In dealing with the former considerations—assessing the legality of the government's activities with regard to the second group of surveillances, we must first decide whether § 605 prohibits the surveillances at issue. If we should decide that the prohibitions of § 605 do not cover these surveillances, we must then proceed to determine whether Ivanov's Fourth Amendment rights have been transgressed.13 Lastly, if we should hold that this set of surveillances were not illegal, we must, in accordance with the instructions of the Supreme Court, evaluate the trial judge's exercise of discretion in refusing disclosure.

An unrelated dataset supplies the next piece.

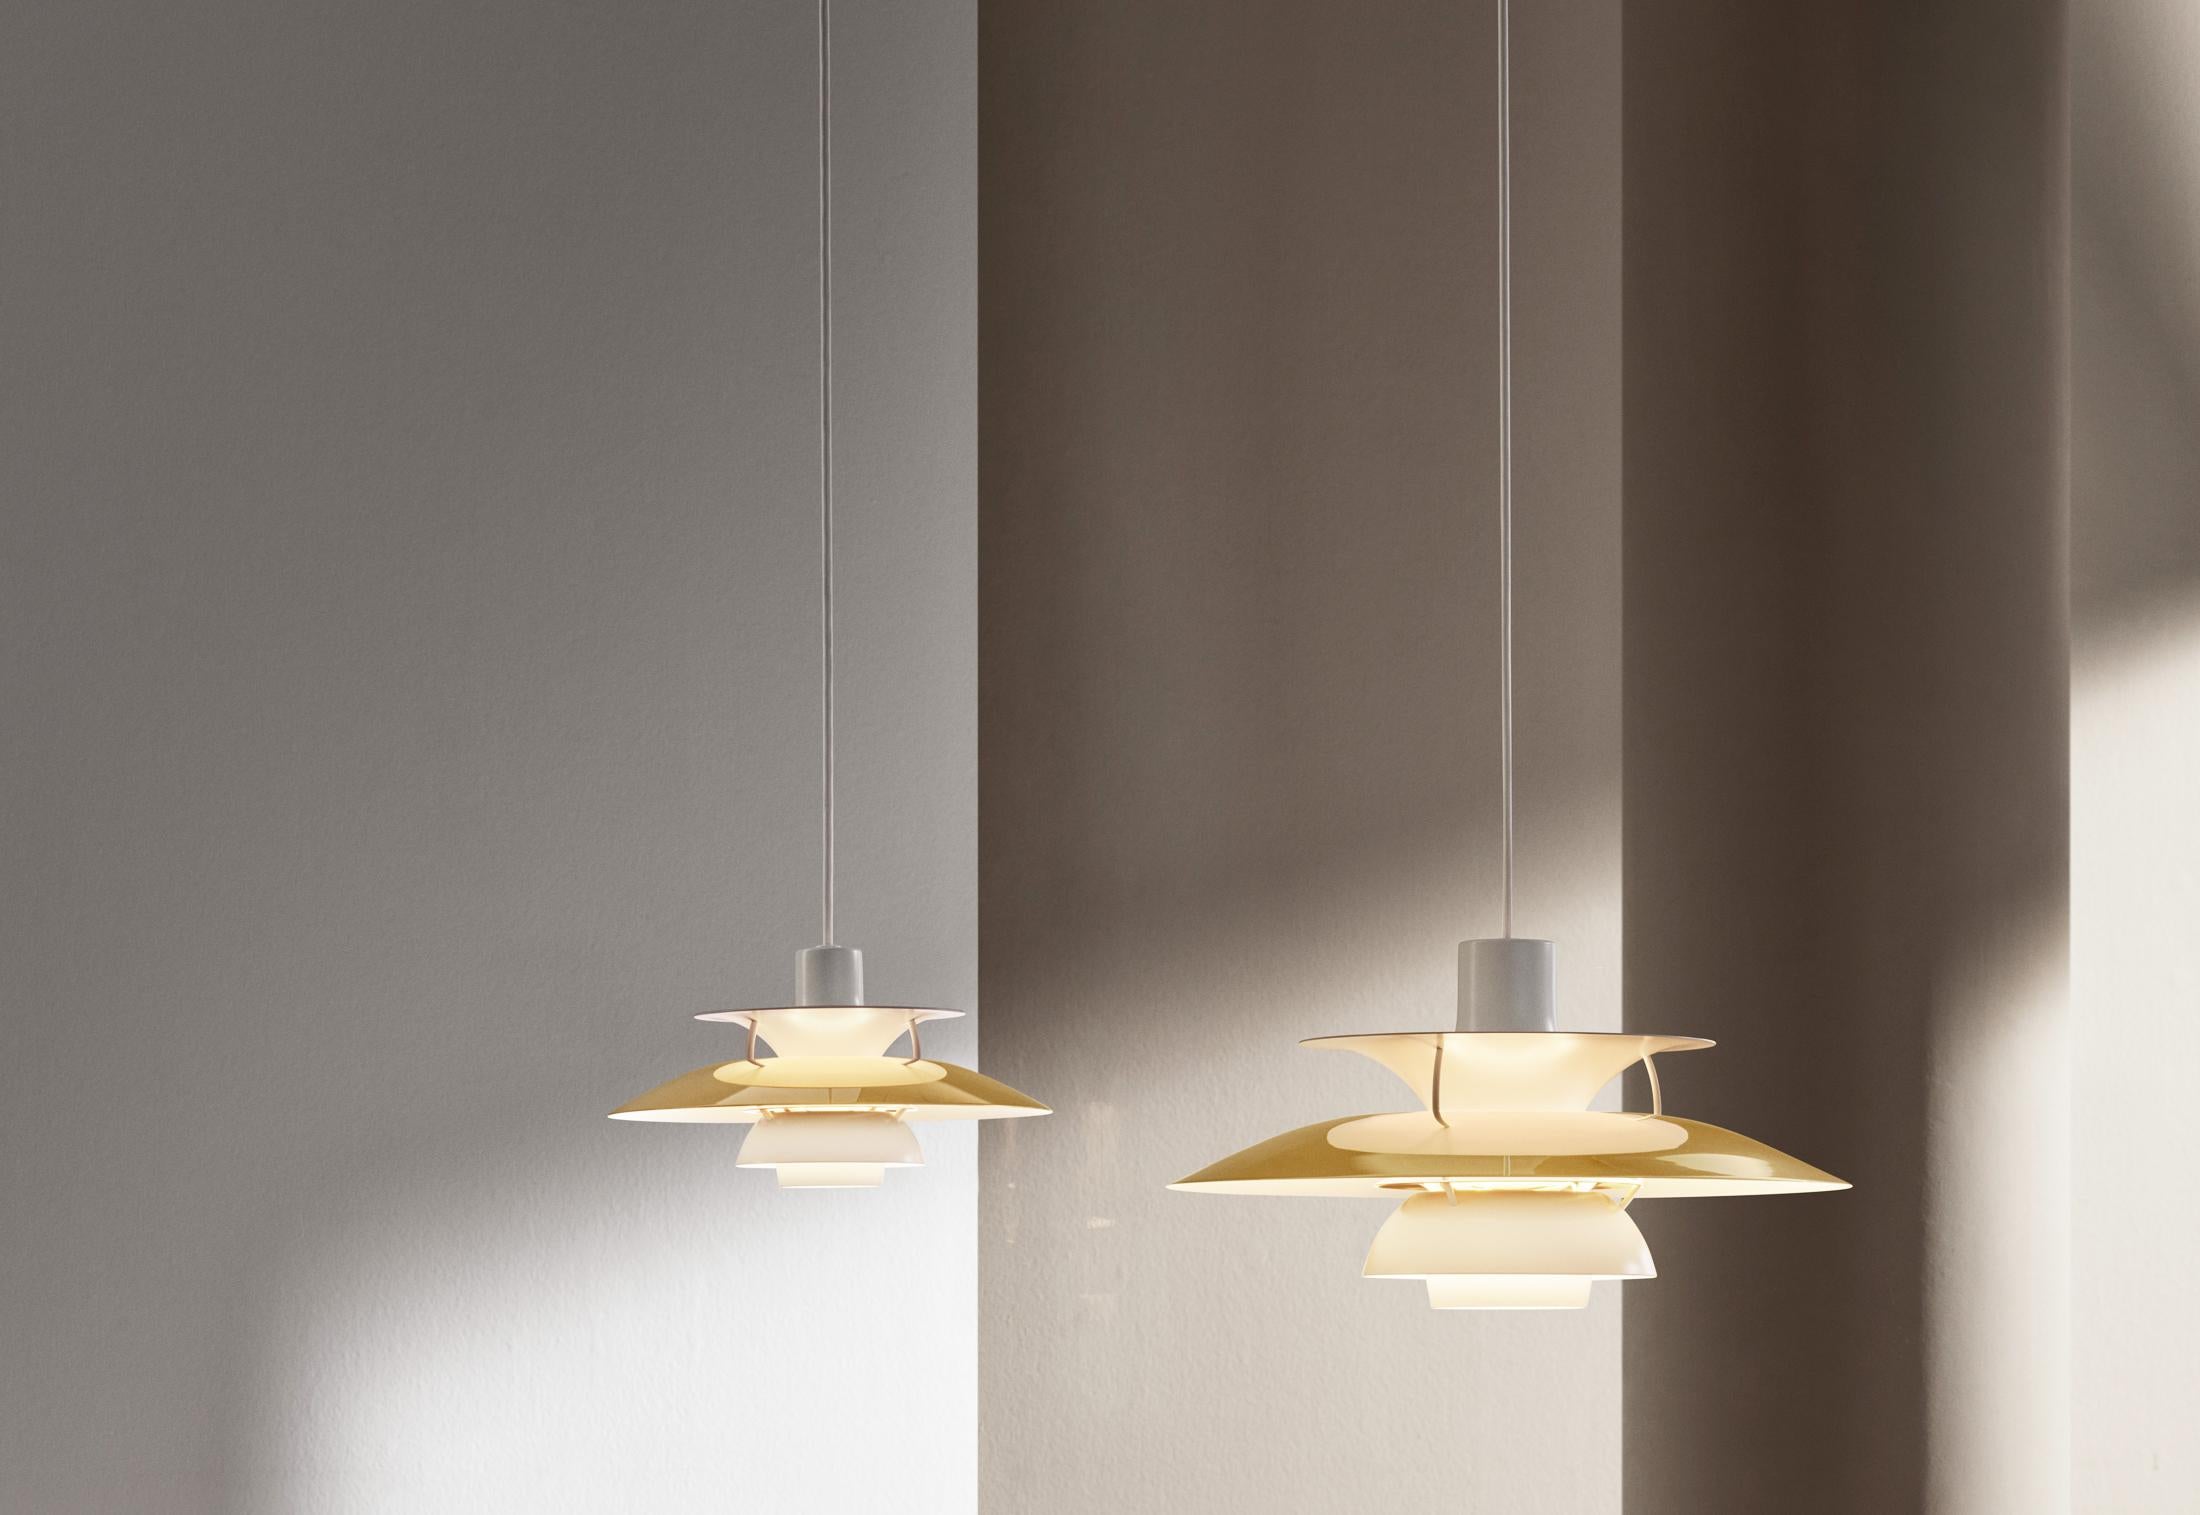 Poul Henningsen PH5 mini brass pendant for Louis Poulsen. Poul Henningsen introduced his iconic PH 5 pendant light in 1958. To celebrate, Louis Poulsen is putting out this special 60th Anniversary edition PH 5 mini and Classic in brass and copper.

We shall address these three issues seriatim.

II. SECTION 605 OF THE COMMUNICATIONS ACT OF 1934 DOES NOT PROHIBIT THE INTERCEPTION AND DIVULGENCE OF THE CONTENTS OF ELECTRONIC SURVEILLANCE IN THE FOREIGN AFFAIRS FIELD MADE PURSUANT TO EXECUTIVE ORDER.

Section 605 of the Communications Act provides in relevant part that "no person not being authorized by the sender shall intercept any communication and divulge or publish the existence, contents, substance, purport, effect, or meaning of such intercepted communication to any person."14

This section prompted considerable discussion as electronic surveillance...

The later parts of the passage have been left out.